Gittikçe nüfusu artan, parfüm şişelerine batıp çıkmış, ayaklı makyaj kutularının (!) etrafımızda gezdiği ve ders başarısından çok yeni sevgililerle yeni başlangıçlar yapma konusunda başarılı (!) olan titiada okumak gerçekten zor. Eğitim kalitesini sorgulamaya kalkarsak içinden çıkamayız, zaten bize düşmez(!); çünkü çoğumuzun ‘mecburi’ okuduğu bir fakülte, kötü eğitim sisteminin bir sonucu olarak geldiğimiz bu fakültede normal süresinde okulu bitirmek sosyal şartlar ile diğer şartları da ekleyince gerçekten imkânsız gibi. Derse girmeden önce ‘derste güzel kız var mı acaba?’ diye düşünenlerin, derse çalışmaktan çok ayna karşısında ‘daha güzel olmak’ için oturup sadece ‘daha fazla boya badana’ yapanların, derste hocalara slogan atanların, kantinde ‘ben bir öküzüm’ diye bas bas bağıranların, kız için kavga edenlerin, topuklu ayakkabılarıyla senfoni yaparcasına sınav salonlarında dolaşanların, tanınmış birçok hocanın, diskoyu andıran bir kantinin, KTÜ’ nün en aktif kulüplerinin vs. vs. vs. yer aldığı bir yer aynı zamanda titia yani resmi adıyla İİBF’nin…

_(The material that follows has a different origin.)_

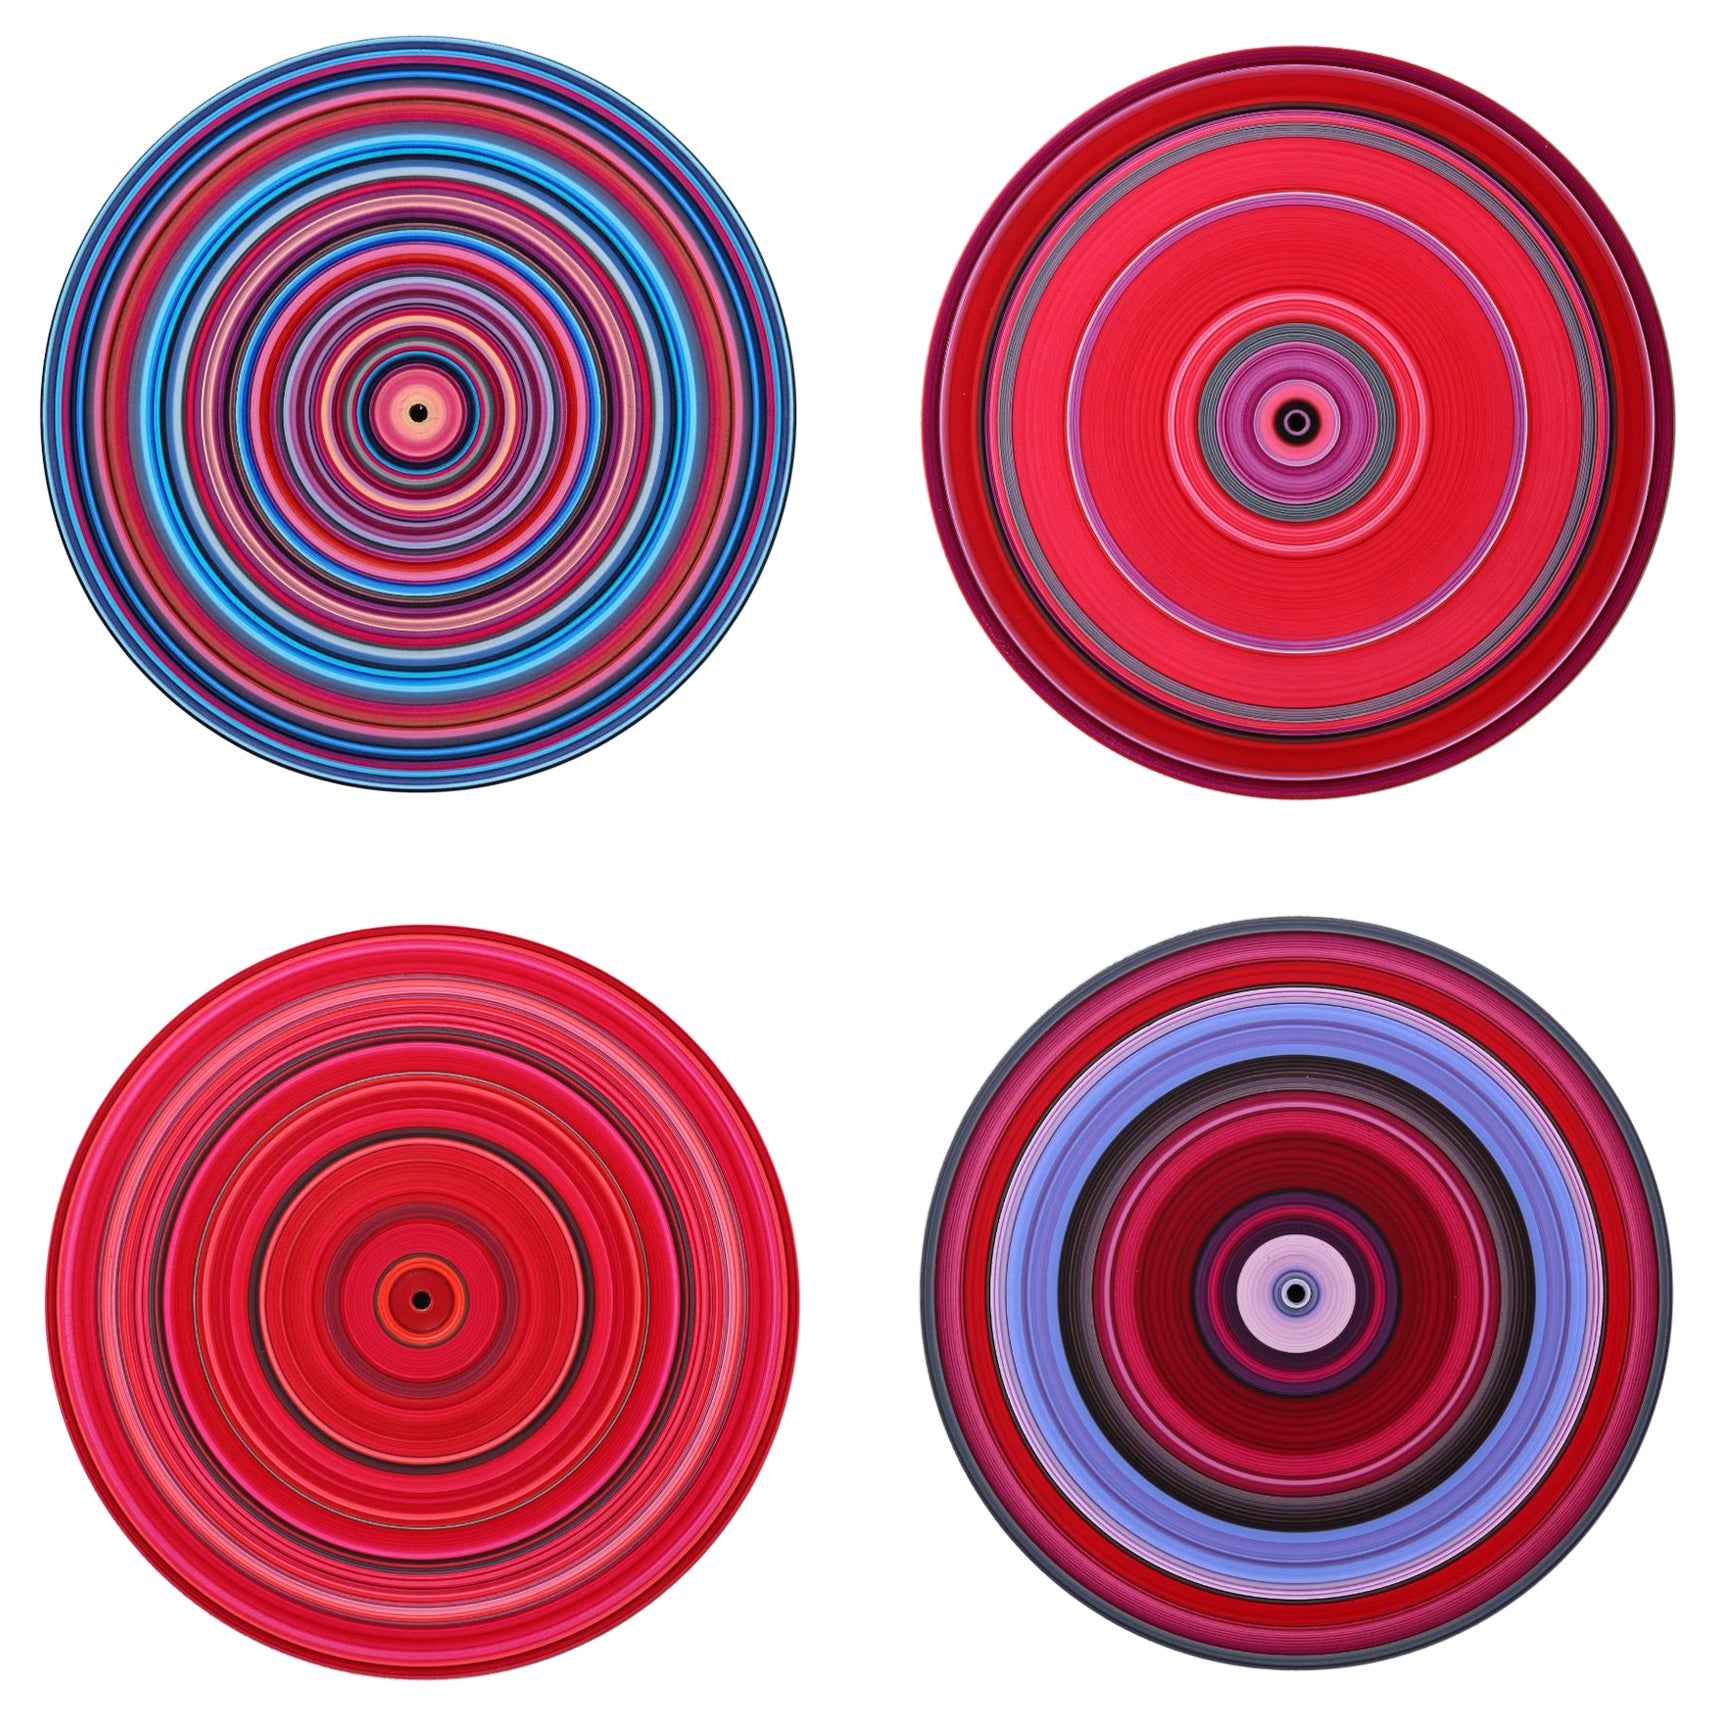 SOUND AND VISION – Song for Tamlyn is a unique oil on vinyl installation by German contemporary artist Doris Marten, dimensions are 65 × 65 cm (25.6 × 25.6 in). Every piece is 30 cm in diameter (11.8 in).
The artwork is signed, sold unframed and

Zamanın nasıl çabuk geçtiğini en iyi anlayanlardan biri olarak 5. Ve 6. Seneye kadar okulu uzatmayı normal olarak gördüğüm bir yer titia. Çoğu insan Trabzon’u sevmez ama ülkemizin en iyi kampüslerinden birinde okurken derslere mutlaka gidin, uykuyla kanka olmayın, âşık sakın ama sakın olmayın, gömlek değiştirir gibi zamazingo değiştirmeyin, okula mutlaka gidin, etkinliklere ve gezilere mutlaka katılın ve özellikle ücretsiz sertifikalı eğitimleri bir işe yaramasa bile mutlaka takip edin, alın…
Ve kızlar… Dudaklarınız büyük gözüksün diye o ruju burnunuza kadar sürmeyin rica ediyorum ya…
Not: Bu yazı bir dergi için yazılmıştı fakat dergi çıkmadığı için sizlerle paylaşmak istedim. Karadeniz Teknik Üniversitesi İİBF ( Titia ) ‘ nın güzel bir özeti olsa gerek.